WORK REQUIRED: You are asked to repeat the listing word for word and to leave out its pictures.

BEGIN GIVEN INFORMATION

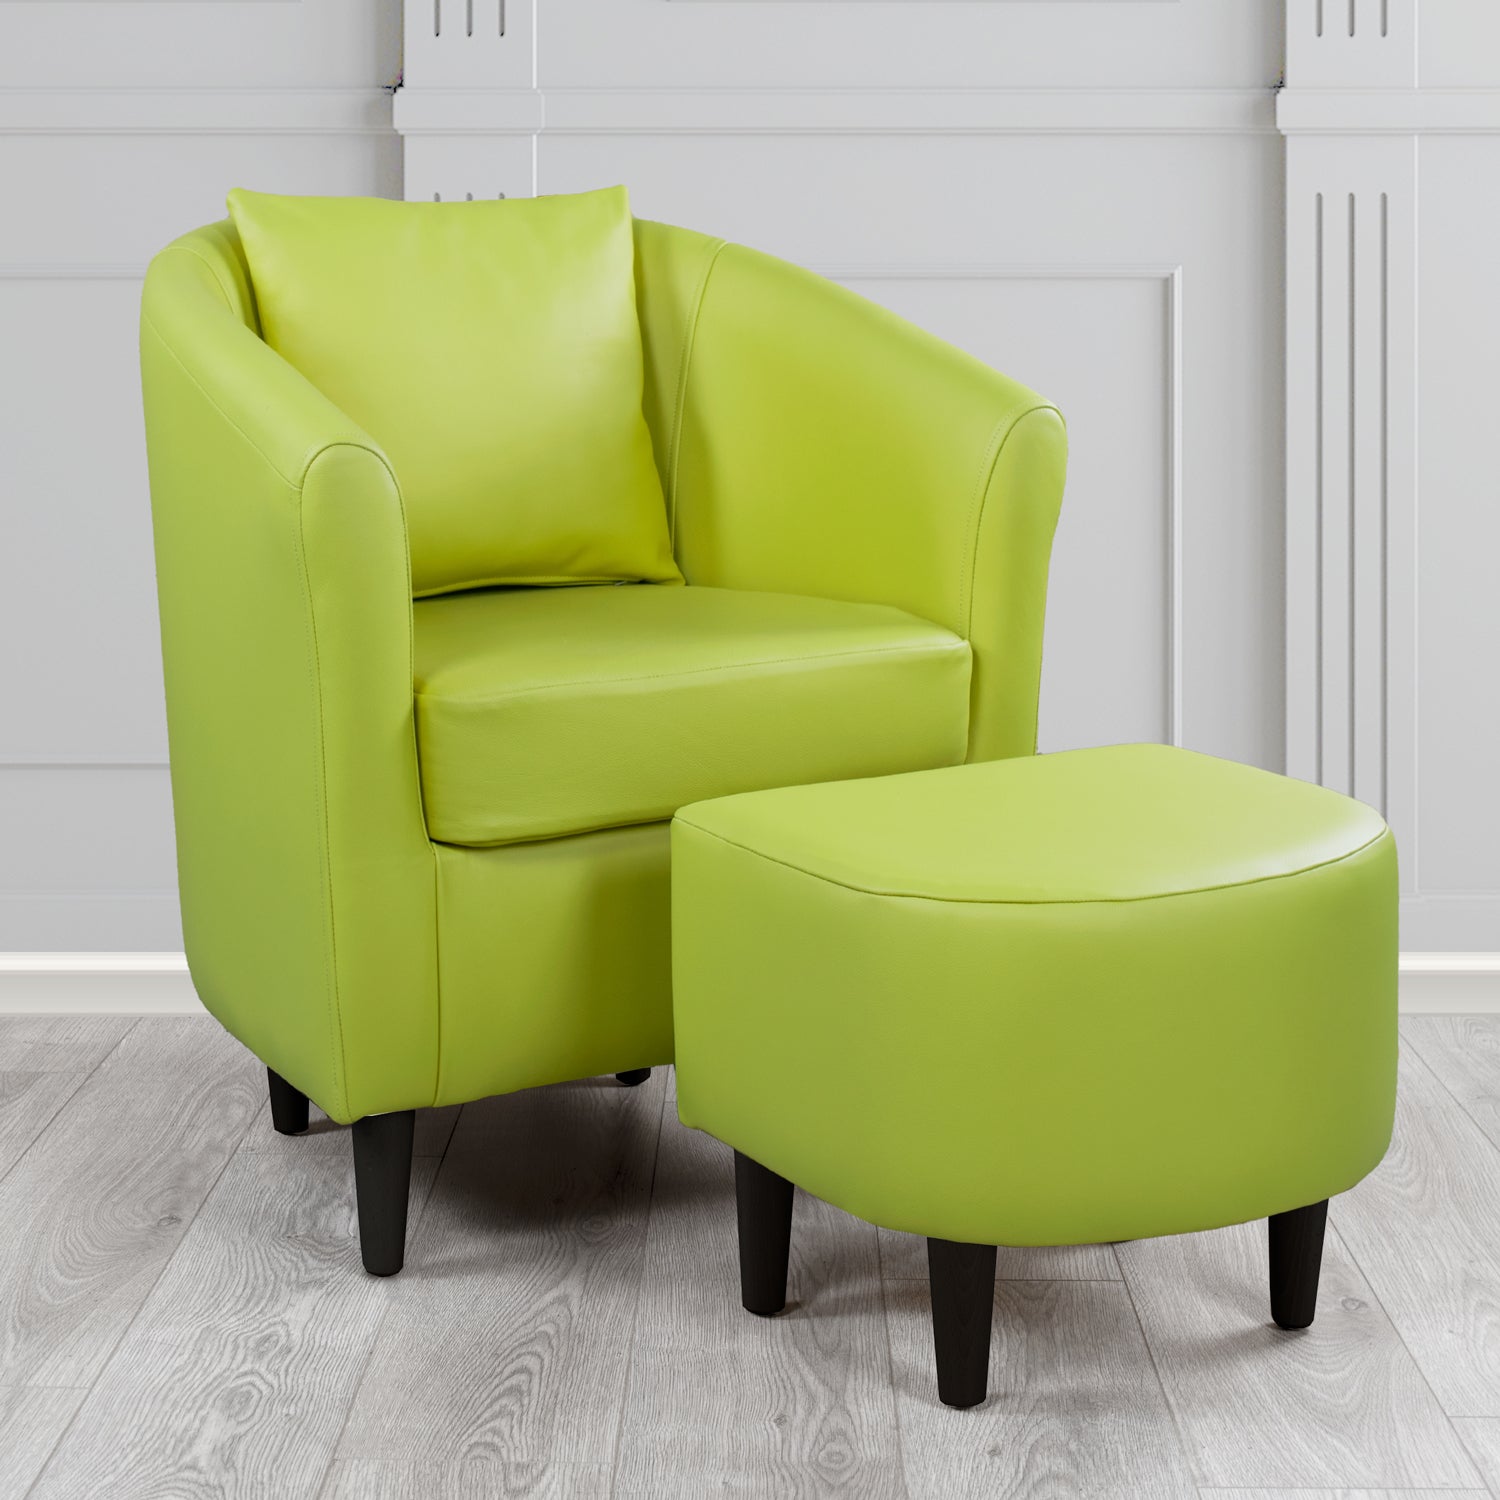 St Tropez Shelly Field Green Crib 5 Genuine Leather Tub Chair & Footstool Set With Scatter Cushion (6619492089898)
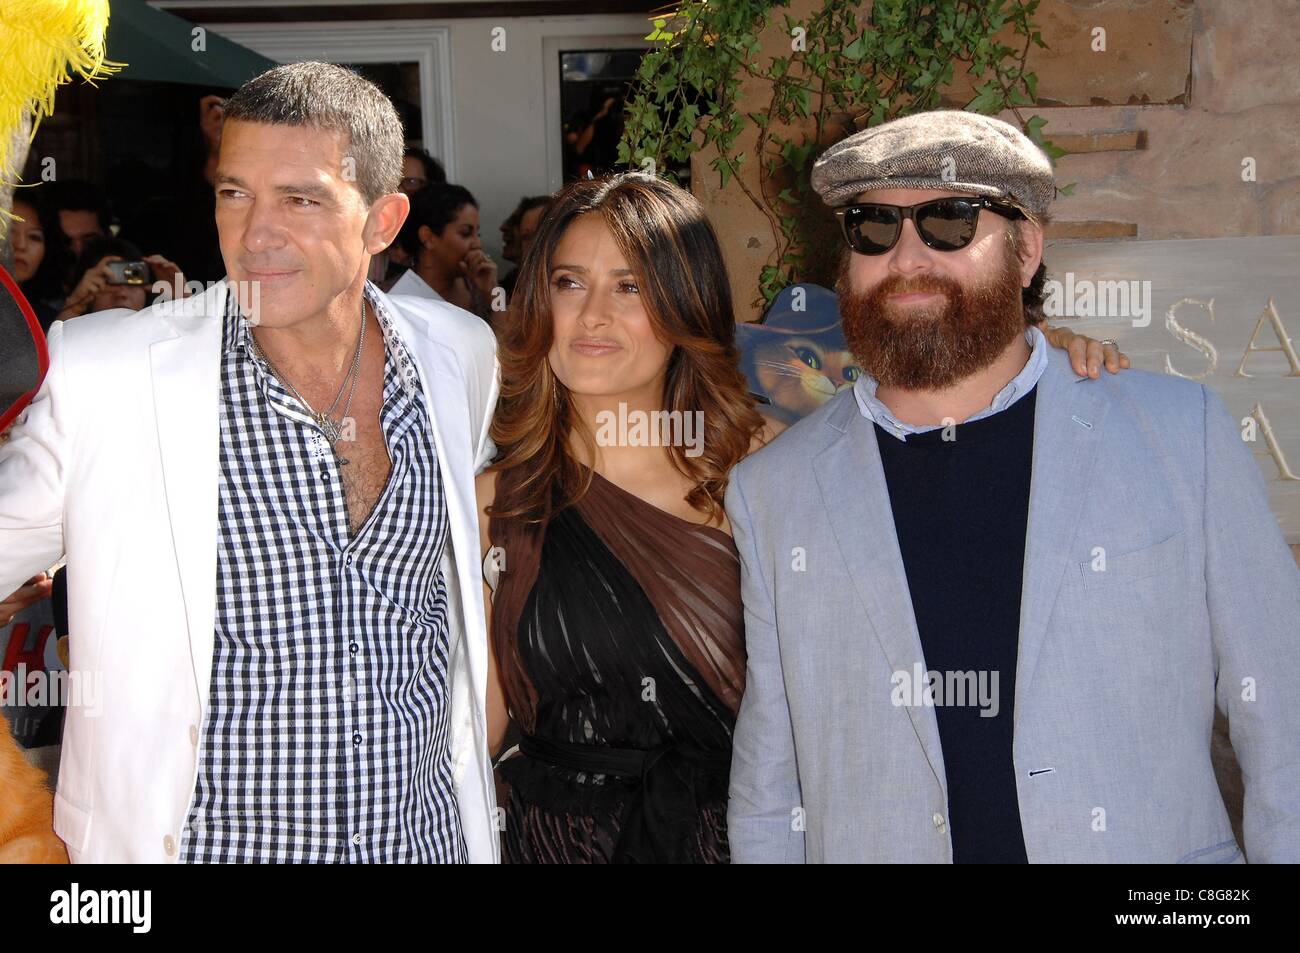 Antonio Banderas, Zach Galifianakis, Salma Hayek at arrivals for PUSS IN BOOTS Premiere, Regency Village Theater in Westwood, Los Angeles, CA October 23, 2011. Photo By: Michael Germana/Everett Collection Stock Photo
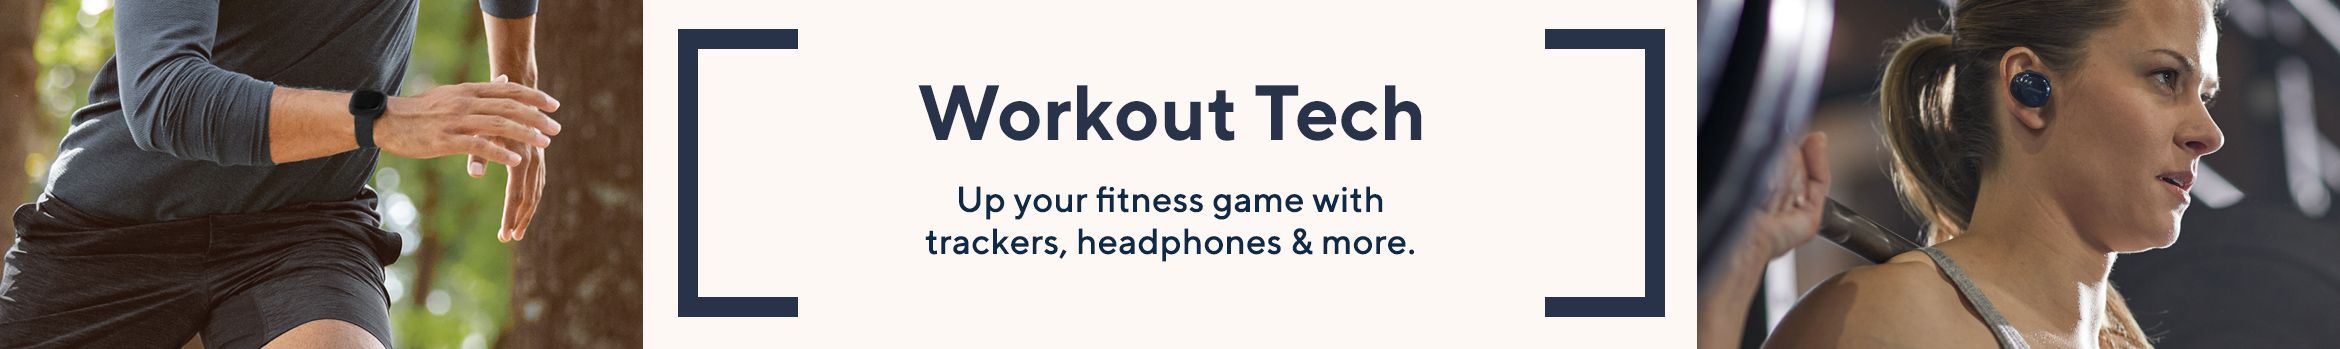 Workout Tech - Up your fitness game with trackers, headphones & more.

END GIVEN INFORMATION

SOLUTION:
 St Tropez Shelly Field Green Crib 5 Genuine Leather Tub Chair & Footstool Set With Scatter Cushion (6619492089898)
 Antonio Banderas, Zach Galifianakis, Salma Hayek at arrivals for PUSS IN BOOTS Premiere, Regency Village Theater in Westwood, Los Angeles, CA October 23, 2011. Photo By: Michael Germana/Everett Collection Stock Photo
 Workout Tech - Up your fitness game with trackers, headphones & more.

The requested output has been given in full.